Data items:

########################################

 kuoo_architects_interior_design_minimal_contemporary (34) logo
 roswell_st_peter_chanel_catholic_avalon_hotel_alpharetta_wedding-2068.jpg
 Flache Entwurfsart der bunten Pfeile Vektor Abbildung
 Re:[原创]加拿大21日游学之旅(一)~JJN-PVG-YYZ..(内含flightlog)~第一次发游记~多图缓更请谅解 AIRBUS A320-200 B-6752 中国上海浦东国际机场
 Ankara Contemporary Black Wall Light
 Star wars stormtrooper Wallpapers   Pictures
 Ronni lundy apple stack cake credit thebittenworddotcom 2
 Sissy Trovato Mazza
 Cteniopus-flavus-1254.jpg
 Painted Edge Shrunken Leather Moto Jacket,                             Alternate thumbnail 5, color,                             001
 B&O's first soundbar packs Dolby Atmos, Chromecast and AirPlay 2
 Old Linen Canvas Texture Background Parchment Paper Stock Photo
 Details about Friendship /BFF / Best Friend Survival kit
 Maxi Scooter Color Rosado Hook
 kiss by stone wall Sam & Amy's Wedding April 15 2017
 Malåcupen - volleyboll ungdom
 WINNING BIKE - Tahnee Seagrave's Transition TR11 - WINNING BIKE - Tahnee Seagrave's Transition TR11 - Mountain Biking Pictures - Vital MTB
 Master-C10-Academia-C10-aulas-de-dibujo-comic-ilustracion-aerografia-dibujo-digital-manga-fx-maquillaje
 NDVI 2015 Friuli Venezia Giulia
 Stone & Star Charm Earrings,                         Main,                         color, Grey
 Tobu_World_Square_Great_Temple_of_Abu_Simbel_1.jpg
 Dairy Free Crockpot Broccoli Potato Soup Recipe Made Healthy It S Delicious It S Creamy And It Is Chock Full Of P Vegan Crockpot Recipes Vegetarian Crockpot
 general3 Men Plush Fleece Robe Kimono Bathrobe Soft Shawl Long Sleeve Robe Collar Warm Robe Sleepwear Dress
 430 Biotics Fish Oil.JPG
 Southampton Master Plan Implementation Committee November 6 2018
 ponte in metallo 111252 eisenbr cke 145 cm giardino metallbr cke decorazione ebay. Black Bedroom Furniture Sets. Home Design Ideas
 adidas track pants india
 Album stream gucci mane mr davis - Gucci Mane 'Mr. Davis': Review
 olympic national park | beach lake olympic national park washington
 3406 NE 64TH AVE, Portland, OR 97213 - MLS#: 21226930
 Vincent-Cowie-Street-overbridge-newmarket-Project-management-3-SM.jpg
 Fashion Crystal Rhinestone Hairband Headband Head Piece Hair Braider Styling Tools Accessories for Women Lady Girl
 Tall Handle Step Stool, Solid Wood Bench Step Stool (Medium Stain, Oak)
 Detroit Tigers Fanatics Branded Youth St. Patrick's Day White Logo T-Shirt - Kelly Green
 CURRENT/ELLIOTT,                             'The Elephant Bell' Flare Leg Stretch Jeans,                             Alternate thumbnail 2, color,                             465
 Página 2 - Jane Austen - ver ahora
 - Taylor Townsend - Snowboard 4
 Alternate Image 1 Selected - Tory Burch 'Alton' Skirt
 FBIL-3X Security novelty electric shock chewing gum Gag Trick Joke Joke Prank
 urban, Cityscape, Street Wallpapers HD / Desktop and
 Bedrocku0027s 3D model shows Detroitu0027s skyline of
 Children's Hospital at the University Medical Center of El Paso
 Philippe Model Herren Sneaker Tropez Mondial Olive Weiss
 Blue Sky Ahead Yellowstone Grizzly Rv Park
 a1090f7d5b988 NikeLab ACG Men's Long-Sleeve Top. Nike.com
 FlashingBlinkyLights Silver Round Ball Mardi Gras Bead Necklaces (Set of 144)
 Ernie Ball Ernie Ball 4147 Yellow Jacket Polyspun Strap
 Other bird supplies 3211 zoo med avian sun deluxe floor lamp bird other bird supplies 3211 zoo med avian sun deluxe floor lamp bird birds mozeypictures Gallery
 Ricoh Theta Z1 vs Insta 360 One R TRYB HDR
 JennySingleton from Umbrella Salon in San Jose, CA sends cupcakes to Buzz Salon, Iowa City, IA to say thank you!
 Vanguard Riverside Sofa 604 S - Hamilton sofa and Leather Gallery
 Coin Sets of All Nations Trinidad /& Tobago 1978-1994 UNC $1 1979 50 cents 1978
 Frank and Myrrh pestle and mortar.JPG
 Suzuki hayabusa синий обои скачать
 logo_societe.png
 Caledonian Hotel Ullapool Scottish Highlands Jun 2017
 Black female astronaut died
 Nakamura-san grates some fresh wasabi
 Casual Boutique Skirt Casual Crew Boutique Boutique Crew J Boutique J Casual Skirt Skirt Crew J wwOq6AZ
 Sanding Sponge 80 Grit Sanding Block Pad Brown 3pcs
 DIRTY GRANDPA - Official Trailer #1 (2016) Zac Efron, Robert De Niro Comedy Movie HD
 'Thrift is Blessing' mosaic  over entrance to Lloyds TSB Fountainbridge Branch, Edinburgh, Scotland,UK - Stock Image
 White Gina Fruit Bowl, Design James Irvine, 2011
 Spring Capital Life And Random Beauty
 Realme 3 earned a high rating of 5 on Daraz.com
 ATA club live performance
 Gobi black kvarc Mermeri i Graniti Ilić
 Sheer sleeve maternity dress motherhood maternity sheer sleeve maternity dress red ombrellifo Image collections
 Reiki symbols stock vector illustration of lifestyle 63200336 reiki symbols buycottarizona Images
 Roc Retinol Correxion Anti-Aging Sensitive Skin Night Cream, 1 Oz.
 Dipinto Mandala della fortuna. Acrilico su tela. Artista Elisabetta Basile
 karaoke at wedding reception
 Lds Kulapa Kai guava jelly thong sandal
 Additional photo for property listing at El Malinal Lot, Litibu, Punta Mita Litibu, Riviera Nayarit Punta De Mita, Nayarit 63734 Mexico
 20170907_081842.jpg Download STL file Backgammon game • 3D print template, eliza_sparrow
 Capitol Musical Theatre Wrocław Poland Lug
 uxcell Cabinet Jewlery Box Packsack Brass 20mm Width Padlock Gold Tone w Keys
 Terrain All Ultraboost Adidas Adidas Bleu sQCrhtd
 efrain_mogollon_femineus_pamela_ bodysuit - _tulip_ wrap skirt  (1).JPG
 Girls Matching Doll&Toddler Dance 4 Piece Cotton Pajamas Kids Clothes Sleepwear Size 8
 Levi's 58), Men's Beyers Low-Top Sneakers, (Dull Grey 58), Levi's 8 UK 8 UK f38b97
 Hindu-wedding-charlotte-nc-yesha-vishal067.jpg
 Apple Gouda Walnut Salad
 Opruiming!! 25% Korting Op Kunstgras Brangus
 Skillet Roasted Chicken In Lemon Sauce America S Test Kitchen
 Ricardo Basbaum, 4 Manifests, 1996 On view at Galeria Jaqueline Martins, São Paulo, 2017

########################################

■ **WHAT YOU SHOULD DO**: Return only the exact lines from the opening of the records through the line that contains "Dairy Free Crockpot", both included.

■ **WRITTEN RESPONSE**:
 kuoo_architects_interior_design_minimal_contemporary (34) logo
 roswell_st_peter_chanel_catholic_avalon_hotel_alpharetta_wedding-2068.jpg
 Flache Entwurfsart der bunten Pfeile Vektor Abbildung
 Re:[原创]加拿大21日游学之旅(一)~JJN-PVG-YYZ..(内含flightlog)~第一次发游记~多图缓更请谅解 AIRBUS A320-200 B-6752 中国上海浦东国际机场
 Ankara Contemporary Black Wall Light
 Star wars stormtrooper Wallpapers   Pictures
 Ronni lundy apple stack cake credit thebittenworddotcom 2
 Sissy Trovato Mazza
 Cteniopus-flavus-1254.jpg
 Painted Edge Shrunken Leather Moto Jacket,                             Alternate thumbnail 5, color,                             001
 B&O's first soundbar packs Dolby Atmos, Chromecast and AirPlay 2
 Old Linen Canvas Texture Background Parchment Paper Stock Photo
 Details about Friendship /BFF / Best Friend Survival kit
 Maxi Scooter Color Rosado Hook
 kiss by stone wall Sam & Amy's Wedding April 15 2017
 Malåcupen - volleyboll ungdom
 WINNING BIKE - Tahnee Seagrave's Transition TR11 - WINNING BIKE - Tahnee Seagrave's Transition TR11 - Mountain Biking Pictures - Vital MTB
 Master-C10-Academia-C10-aulas-de-dibujo-comic-ilustracion-aerografia-dibujo-digital-manga-fx-maquillaje
 NDVI 2015 Friuli Venezia Giulia
 Stone & Star Charm Earrings,                         Main,                         color, Grey
 Tobu_World_Square_Great_Temple_of_Abu_Simbel_1.jpg
 Dairy Free Crockpot Broccoli Potato Soup Recipe Made Healthy It S Delicious It S Creamy And It Is Chock Full Of P Vegan Crockpot Recipes Vegetarian Crockpot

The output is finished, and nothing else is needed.